His greatest project was the Palace of the People, the second biggest
building in the world, after the Pentagon in Washington.
Fidel Castro won't leave any timeless architectural works. He put up
thousands of schools and hospitals, but, apart from the Instituto
Superior de Arte, in the Playa Council area of Havana, the rest of his
designs disfigure the landscape.
And forget about quality of construction. Most of the buildings put up
after the bearded people came to power look older than many built at the
beginning of the 20th century.
In Havana, capital of the first communist country in America, the
architectural legacy will be irrelevant. You'd have to search with a
magnifying glass to spot any high calibre work.
Among them would be the Coppelia ice cream shop, designed by Mario
Girona in the centre of Vedado, or Antonio Quintana's Palacio de
Convenciones in the suburb of Cubanacán. You could also make an
exception of Camilo Cienfuegos city, in East Havana, and Lenin Park, a
green lung provided on the outskirts of the city.
But architectural design from 1959 onwards is, to say the least, odd. If
you could demolish the dormitory suburbs of Alamar, Mulgoba, San
Agustín, Bahía, or the twenty or so horrible apartment blocks built with
Yugoslavian technology in Nuevo Vedado, you would partly put right some
clumsy construction mistakes.
Havana, a city which is pretty and conceited with its several kilometers
of gateways and columns, and a splendid esplanade among its
architectural offerings, maintains the greatest variety of styles.
It was designed for 600,000 inhabitants. Today 2.5 million people live
there. The regime has neither modernised nor widened its streets or
avenues or a site as important as the Albear aqueduct.
They have only patched and asphalted the principal arteries. They have
not improved the roads of Las calzadas de Monte, Diez de Octubre,
Luyanó, Cerro, Infanta, Avenida 51 or Puentes Grandes to deal with the
increase in vehicular traffic.
Some 70% of the side streets are full of potholes and water leaks. 60%
of the buildings are crying out for fundamental repairs.
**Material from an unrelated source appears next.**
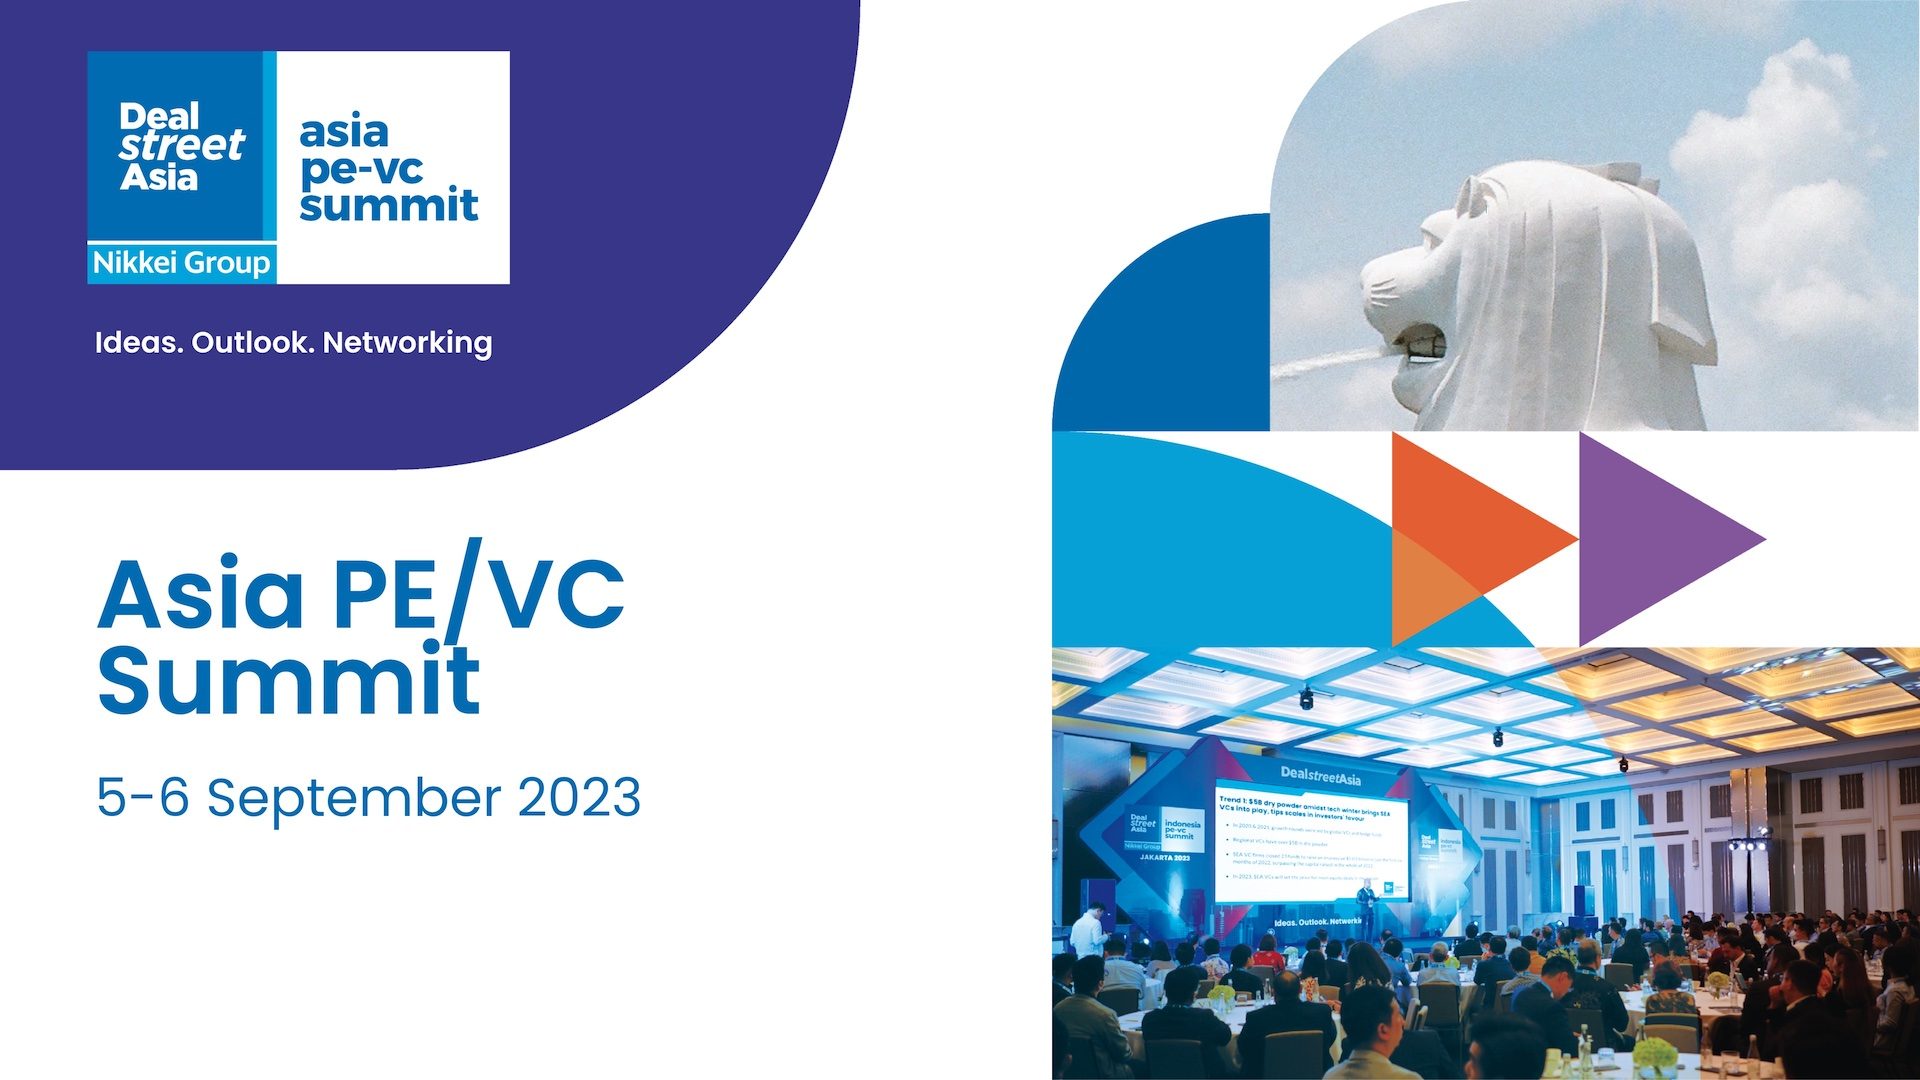 Asia PE-VC Summit 2023 goes live. 16 sessions featuring 51 speakers on Day 1

Let me give you a fact. According to an official of Physical Planning in
Havana, 83% of works carried out are done privately. The urgent need for
homes to be built has resulted in constructions all over the length and
breadth of Havana without benefit of professional advice.
Thousands of home-made cast-iron windows with hideous grills make the
capital look even uglier. The impression you get is of a large prison.
Without any order or harmony, desperate families refurbish buildings and
houses of great architectural value, trying to improve their lives a little.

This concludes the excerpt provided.